**AIM OF THE EXERCISE:**
For this exercise, print the listing below exactly, without its pictures.

**INPUT DATA:**
****

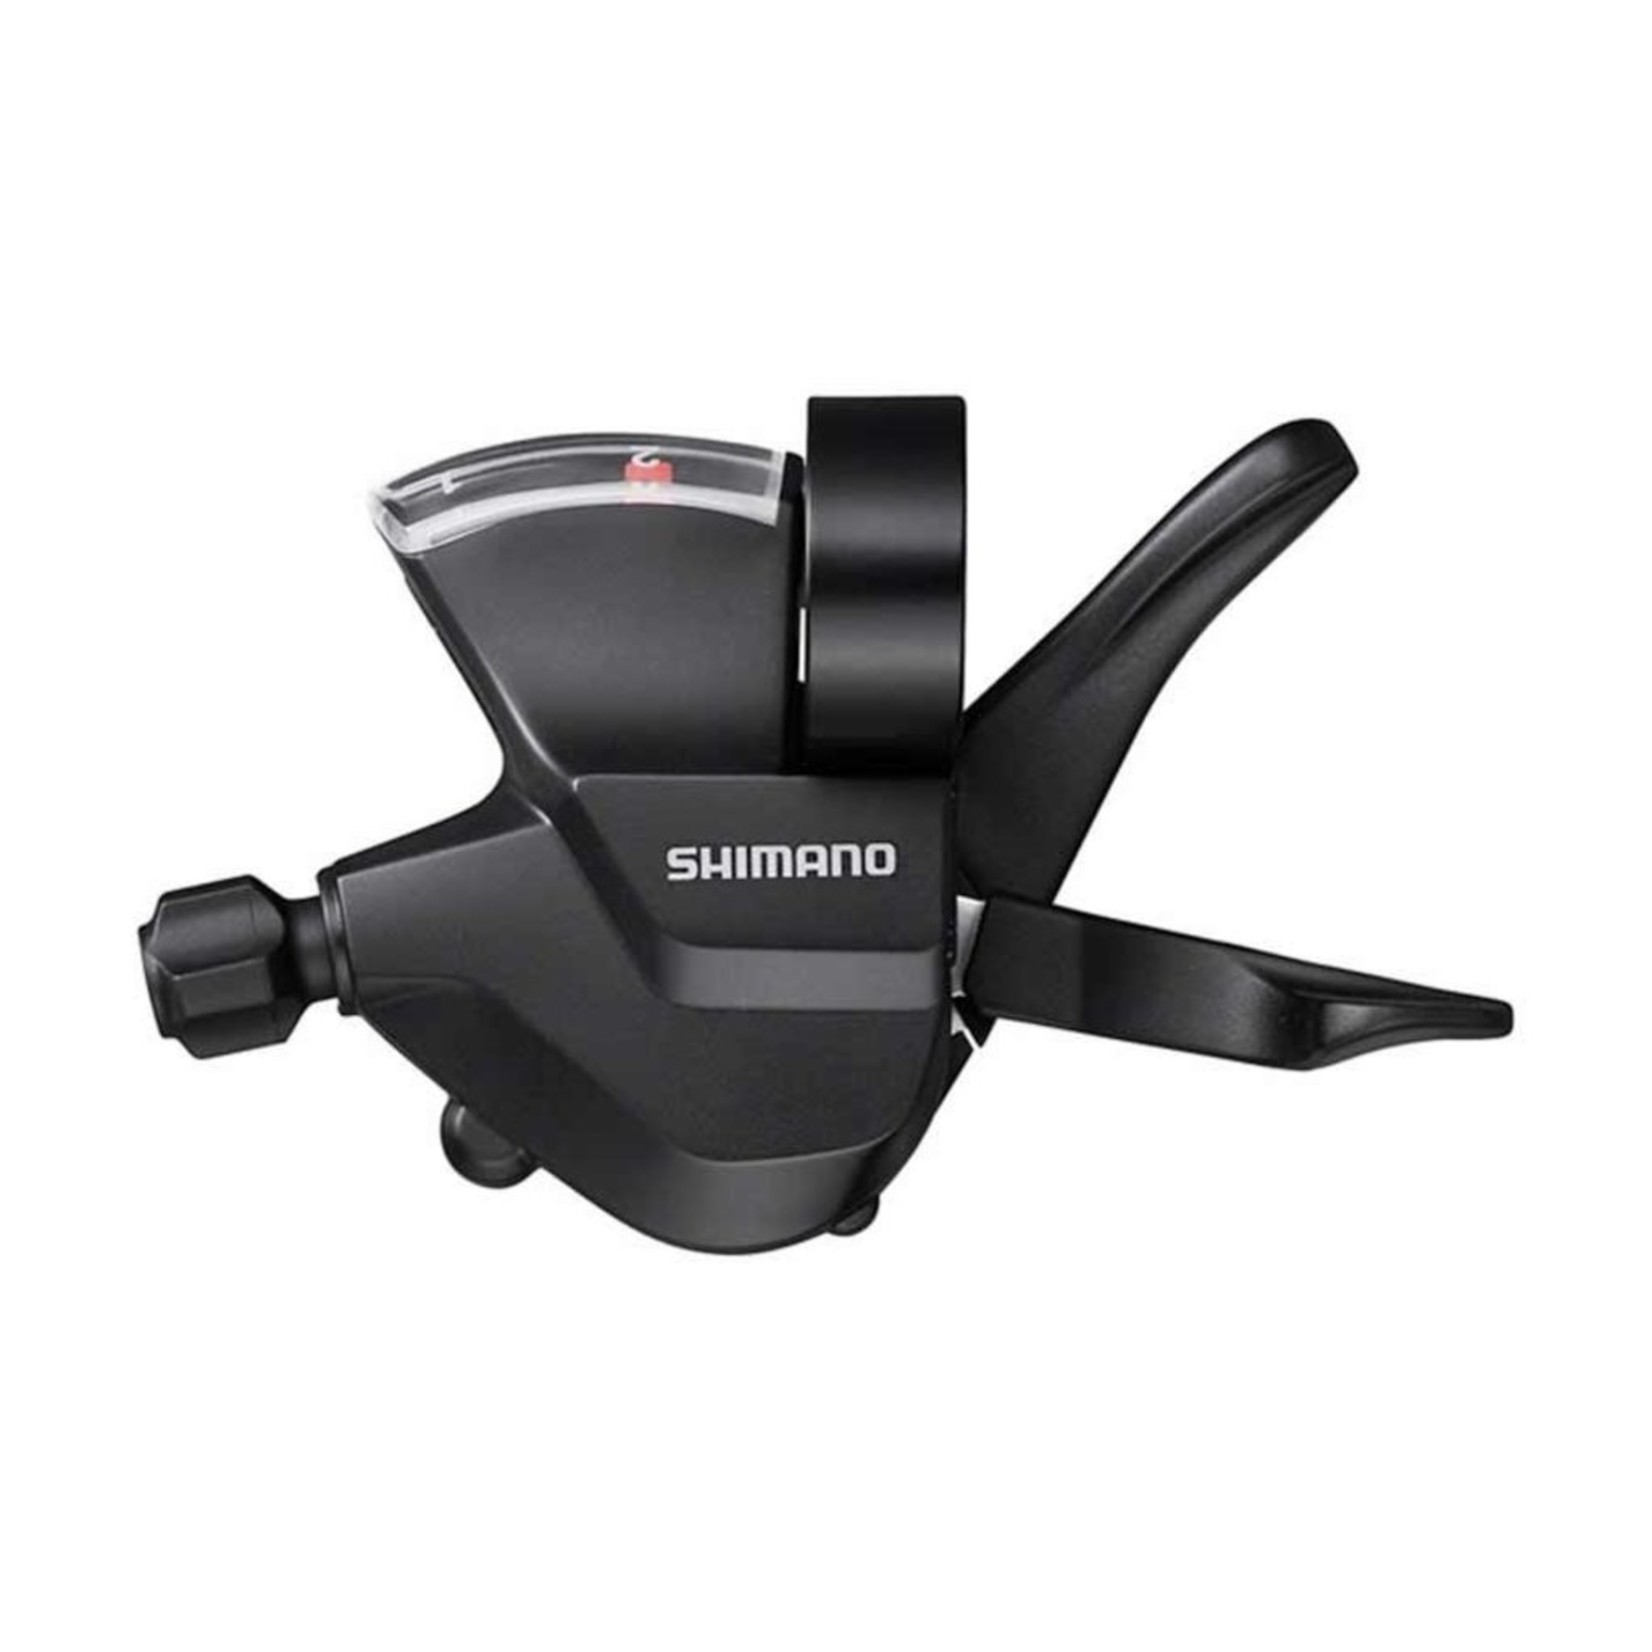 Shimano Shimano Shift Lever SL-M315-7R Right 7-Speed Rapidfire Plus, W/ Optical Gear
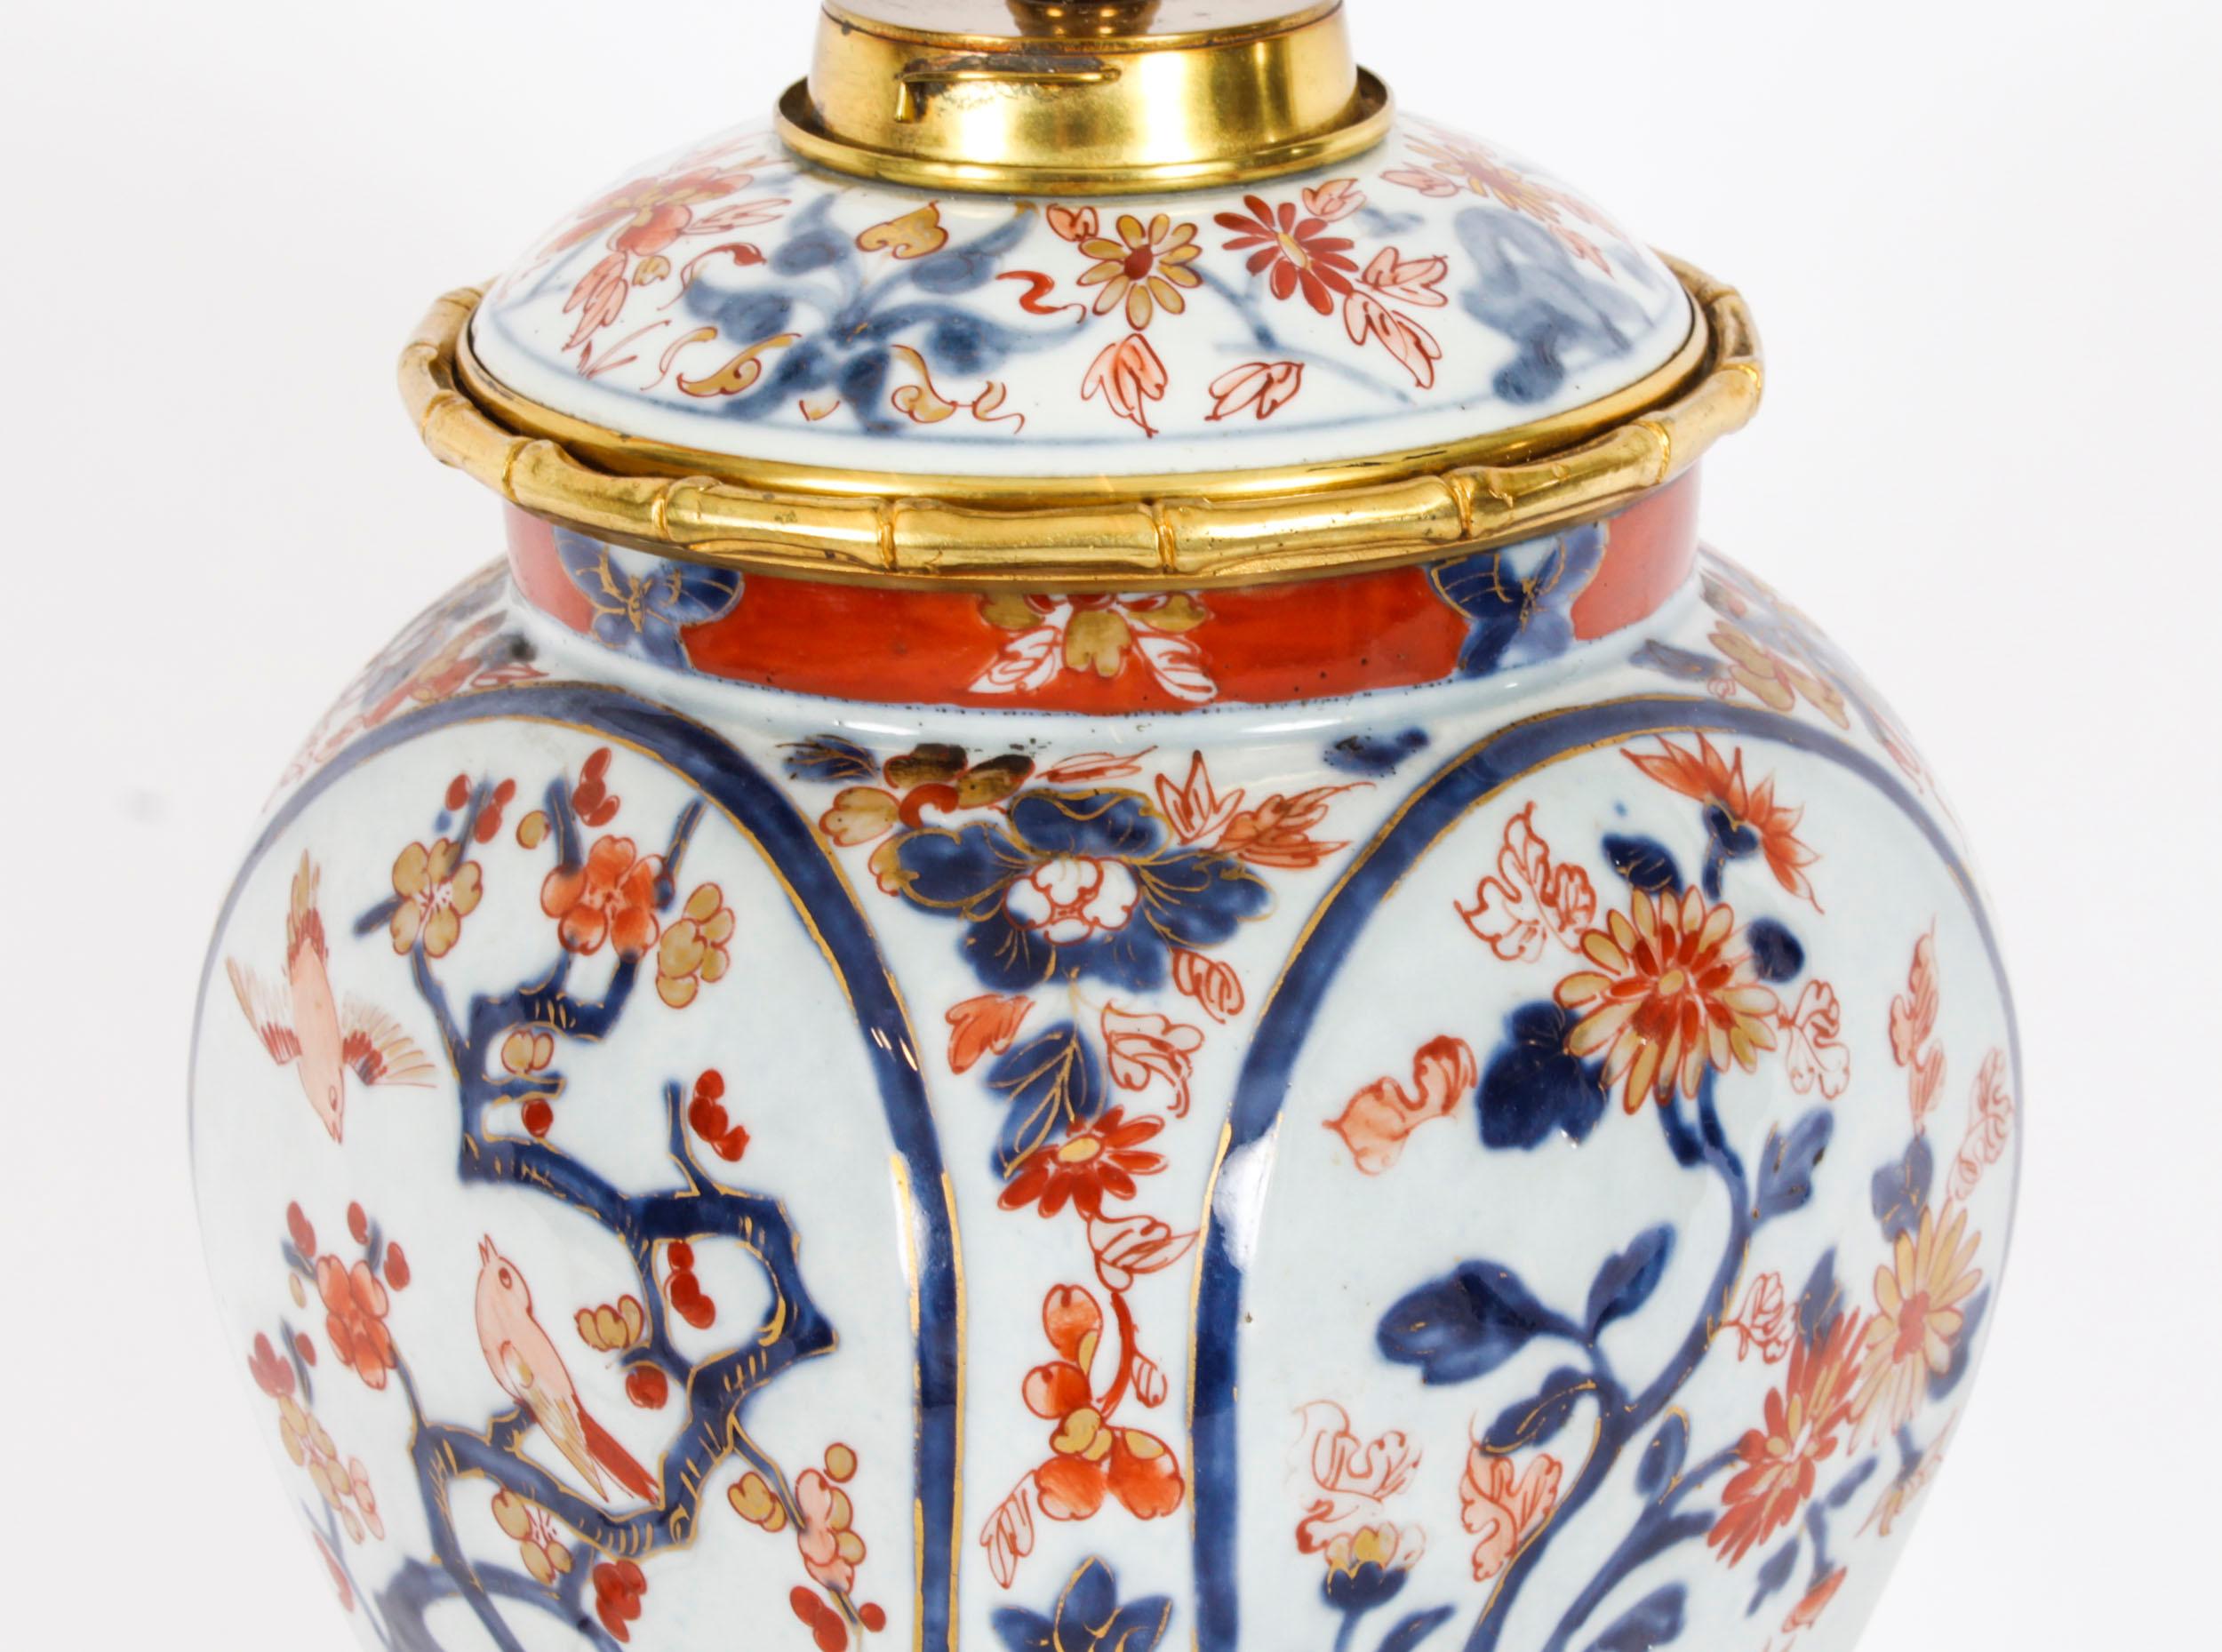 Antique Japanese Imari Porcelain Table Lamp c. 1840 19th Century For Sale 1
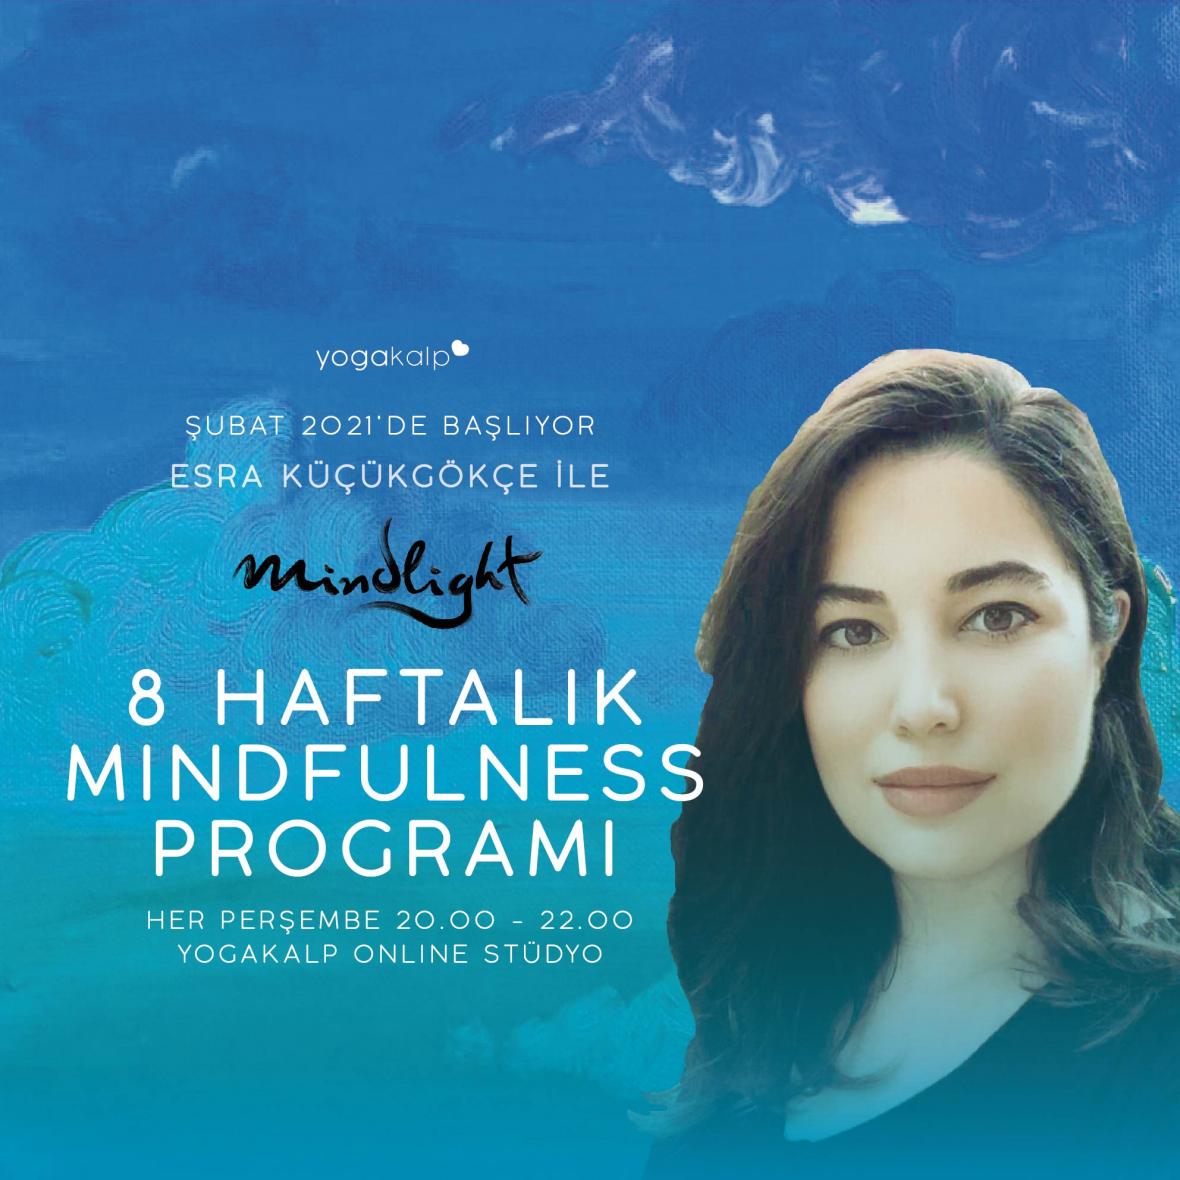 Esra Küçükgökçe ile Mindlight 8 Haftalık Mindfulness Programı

****

**RESULT:**
 Shimano Shimano Shift Lever SL-M315-7R Right 7-Speed Rapidfire Plus, W/ Optical Gear
 Antique Japanese Imari Porcelain Table Lamp c. 1840 19th Century For Sale 1
 Esra Küçükgökçe ile Mindlight 8 Haftalık Mindfulness Programı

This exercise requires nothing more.